▶ **EXERCISE DIRECTIONS**: Repeat the data exactly, please; no pictures belong in the copy.

▶ **STORED DATA**:

/---

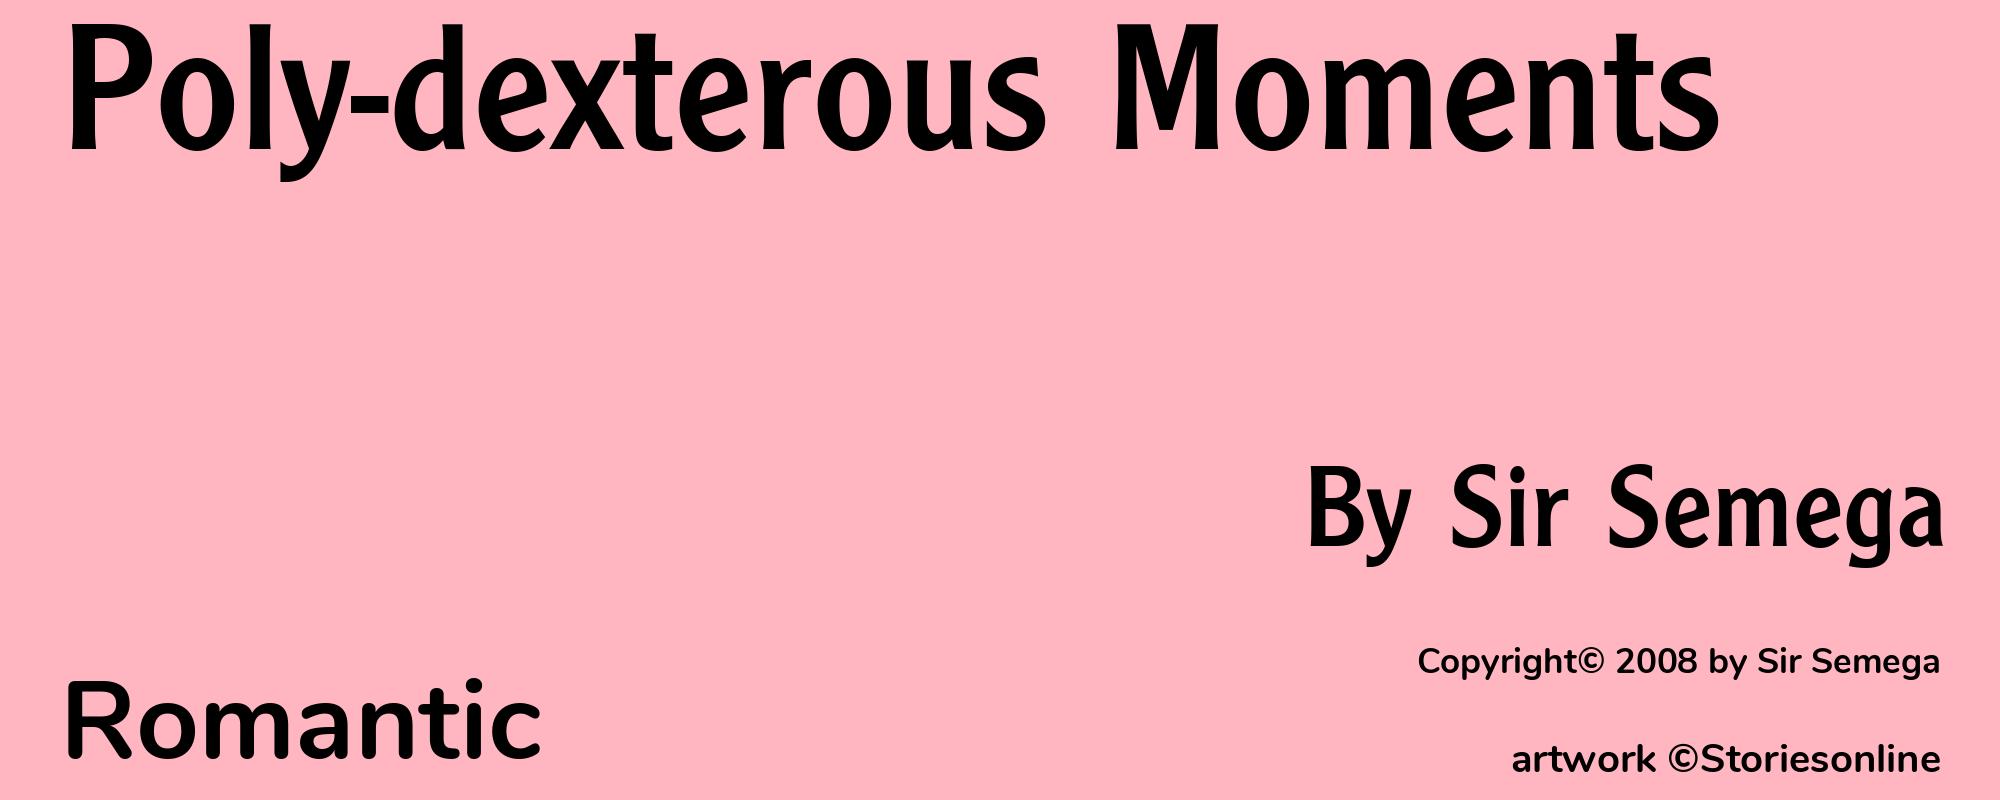 Poly-dexterous Moments - Cover
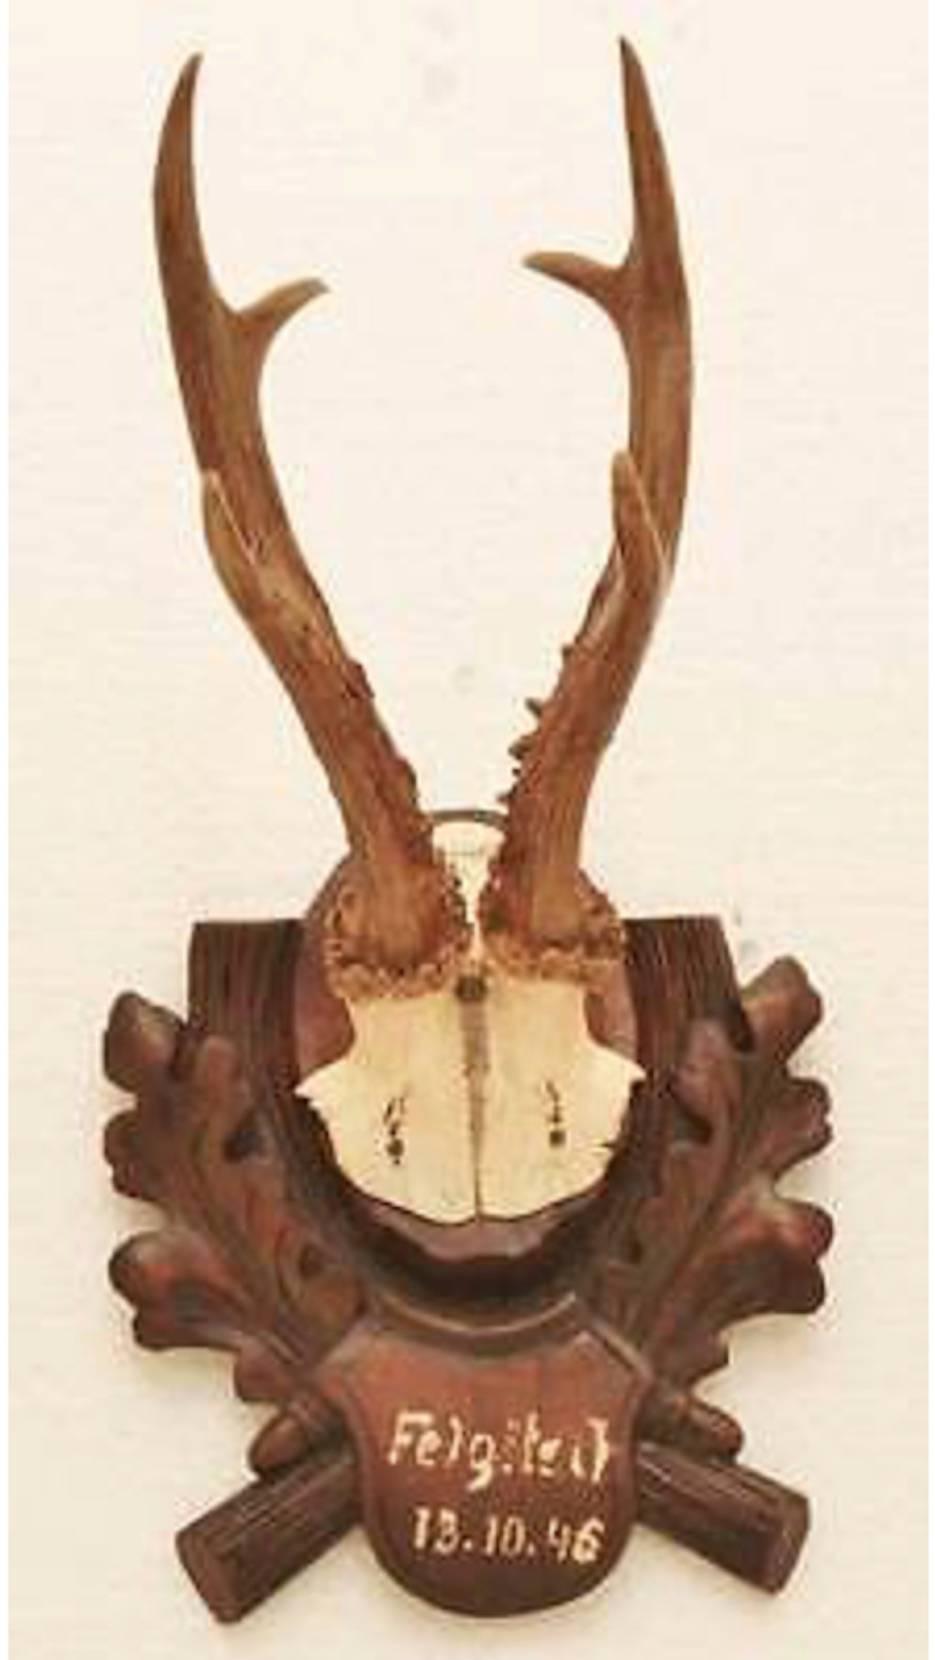 Collection of nine black forest antler mounts on hand-carved wood plaques. Priced per mount.
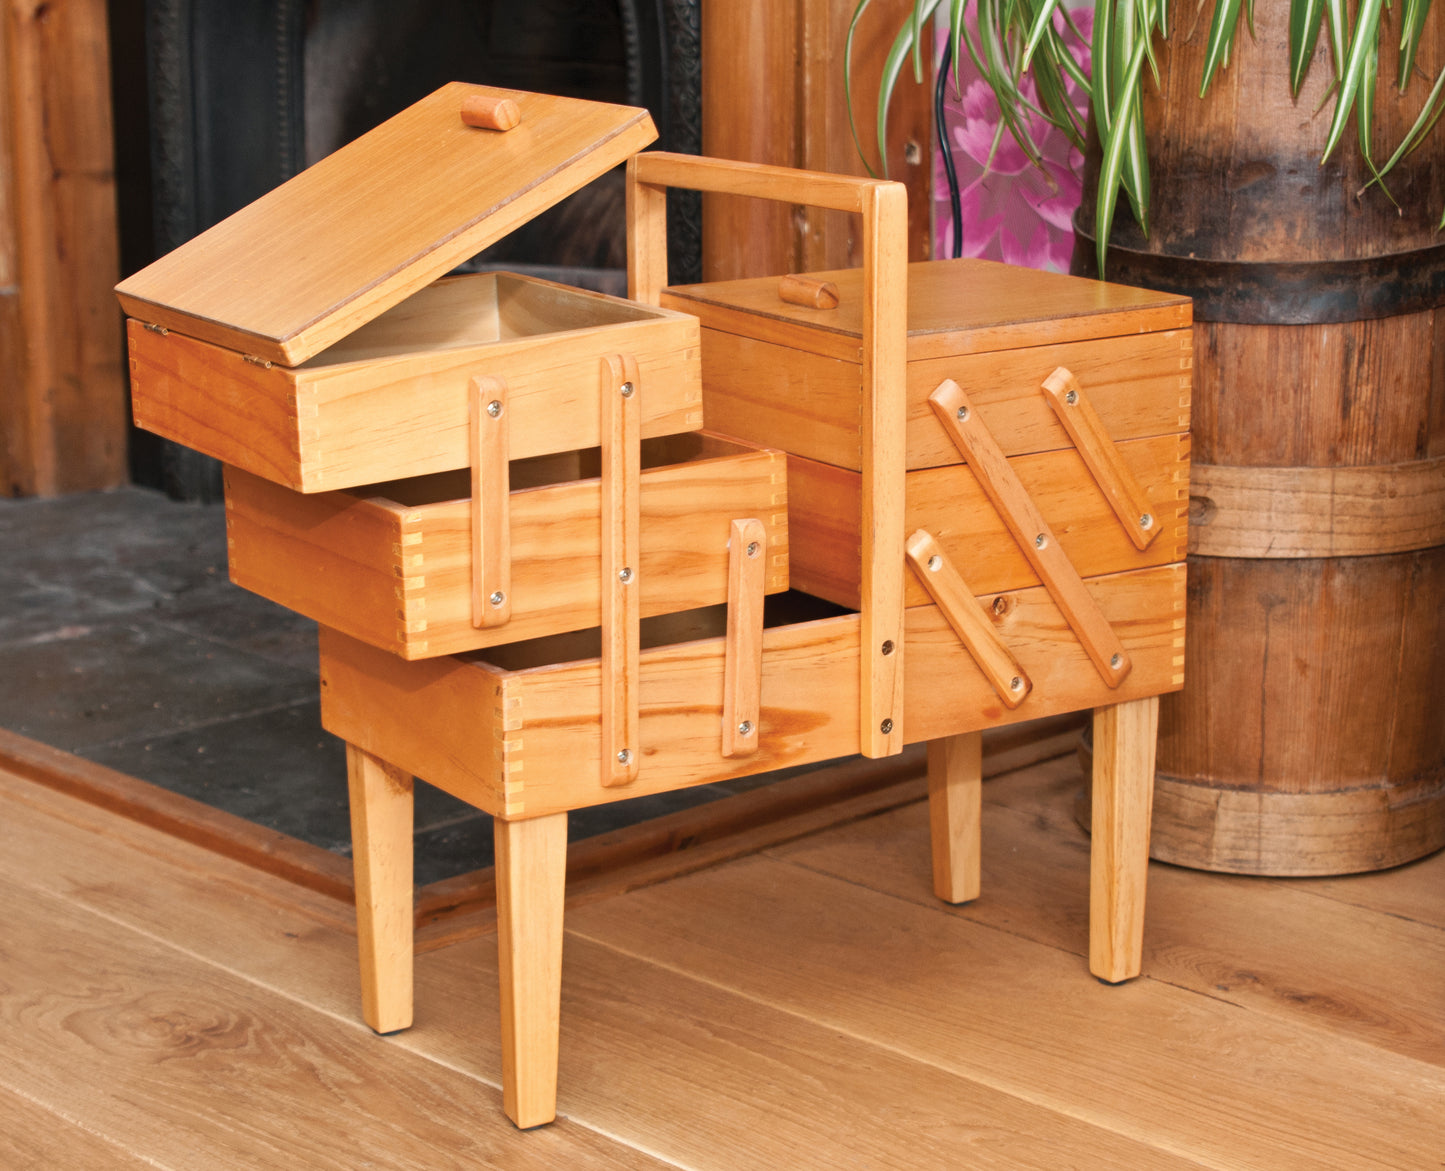 Hobby Gift 3 Tier Cantilever Beech Wood Sewing Box with Legs

\---

▶ **SOLUTION TO THE PROBLEM**:
 Poly-dexterous Moments - Cover
 Collection of nine black forest antler mounts on hand-carved wood plaques. Priced per mount.
 Hobby Gift 3 Tier Cantilever Beech Wood Sewing Box with Legs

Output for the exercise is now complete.